Should the CSA consider the recreational value of a drug? I recognize this question raises deeply philosophical questions that are tough to resolve. And I recognize that considering “recreational value” would pose practical difficulties as well, such as figuring out how to assess the value of fun (we have a comparably easy time assigning dollar figures to things like curing diseases). But it still strikes me as odd that the CSA privileges medical utility to the exclusion of all other types of utility.
It’s possible the CSA criteria work well enough for most drugs. After all, there are thousands of scheduled substances, and I would guess that the vast majority (nearly all?) of them were designed for use in some sort of medical treatment. For these drugs, the focus on medical value (and exclusion on all other types of value) makes perfect sense.

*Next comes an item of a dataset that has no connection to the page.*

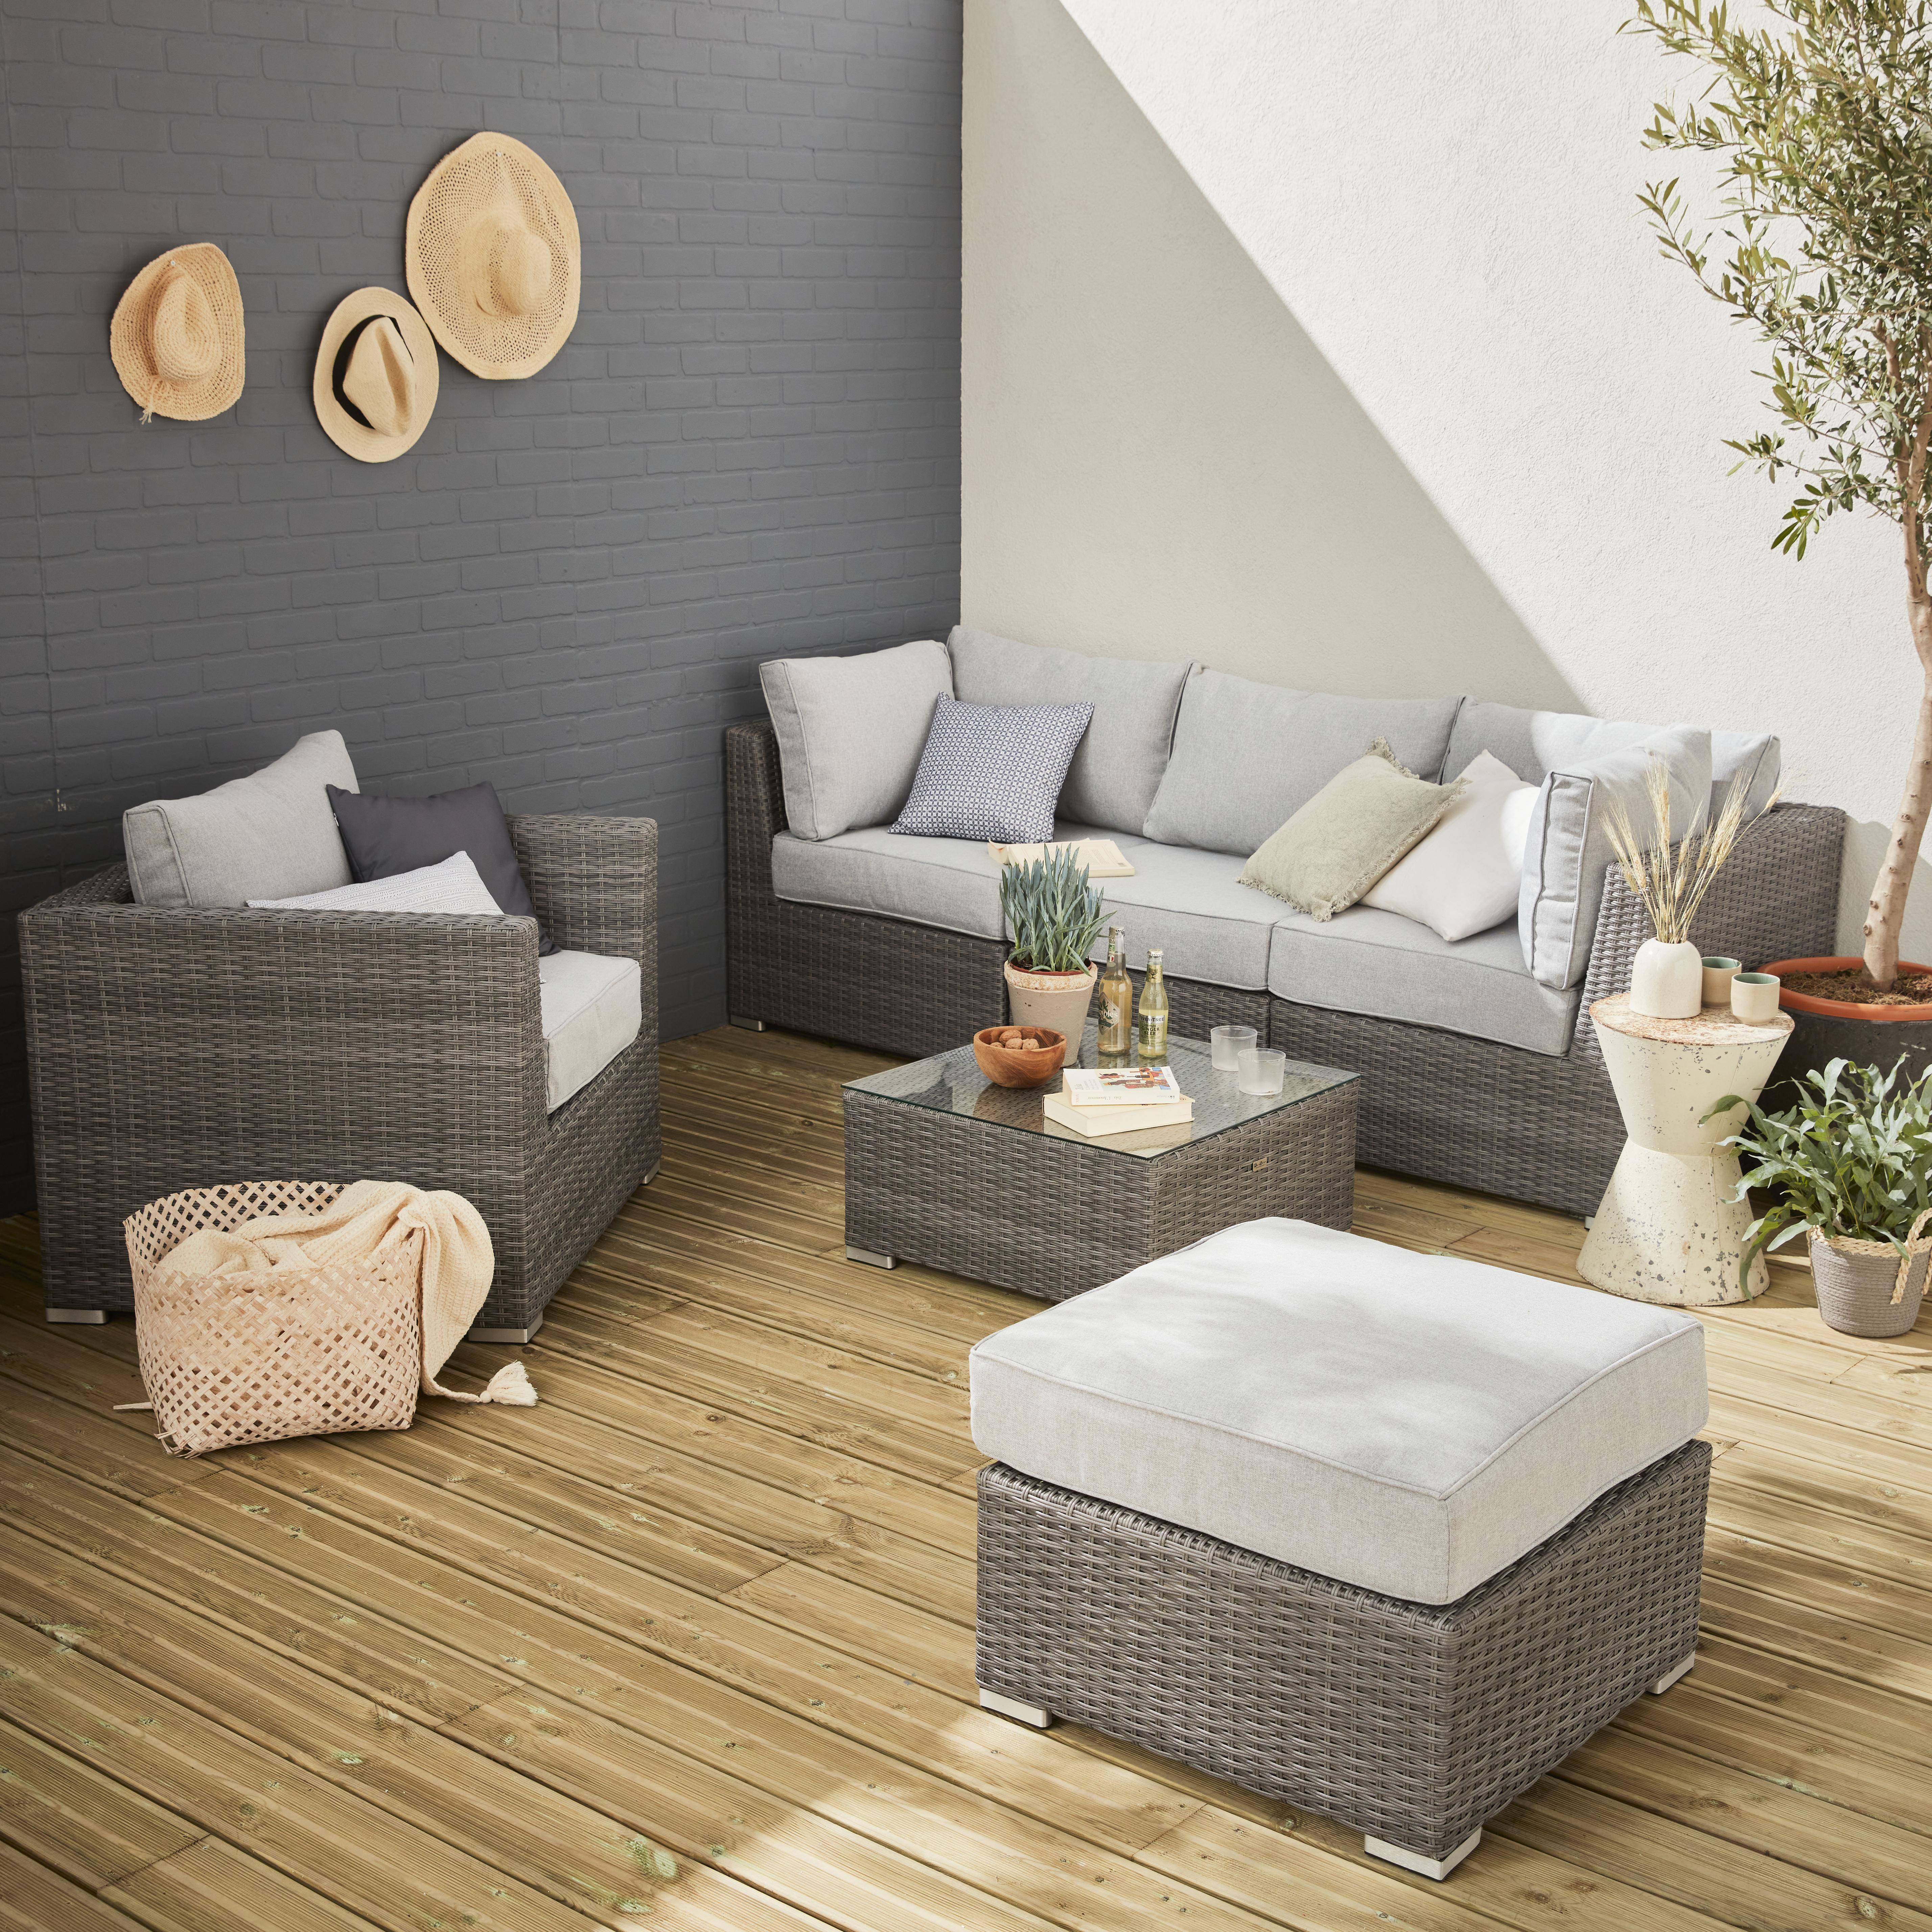 Móveis de jardim redondos de resina curva - Cinzento, almofadas cinzentas claras - 5 lugares, ajustáveis, ultra confortáveis - VINCI Photo1

But this focus doesn’t make sense for every drug. Consider alcohol. If alcohol were subject to the scheduling process, it would probably land on Schedule I (where marijuana is now) or at the very least Schedule II. After all, it has a very high potential for abuse, as anyone would define that term, and it arguably has no accepted medical use in the United States. But the CSA exempts alcohol from the list of controlled substances, because 21 U.S.C. section 802(6) expressly excludes “distilled spirits, wine, malt beverages, or tobacco” from the definition of “controlled substance.” If the CSA doesn’t make sense for alcohol (or tobacco), does it make sense for marijuana?
To the extent states like Colorado and Washington want to treat marijuana like alcohol – i.e., as a recreational substance, not (just) a medicine, subjecting marijuana to the CSA’s scheduling process – and the regulations that flow from it – poses a problem. Namely, as I pointed out in an earlier post, even if the DEA were to reschedule marijuana, it would still be subject to federal regulations that are more befitting of medicines than of recreational drugs like alcohol (e.g, one would need a prescription to buy / sell the drug). The pharmacy is probably not the right place to buy alcohol (or tobacco, per CVS’s decision) – so why make it the place where people buy marijuana?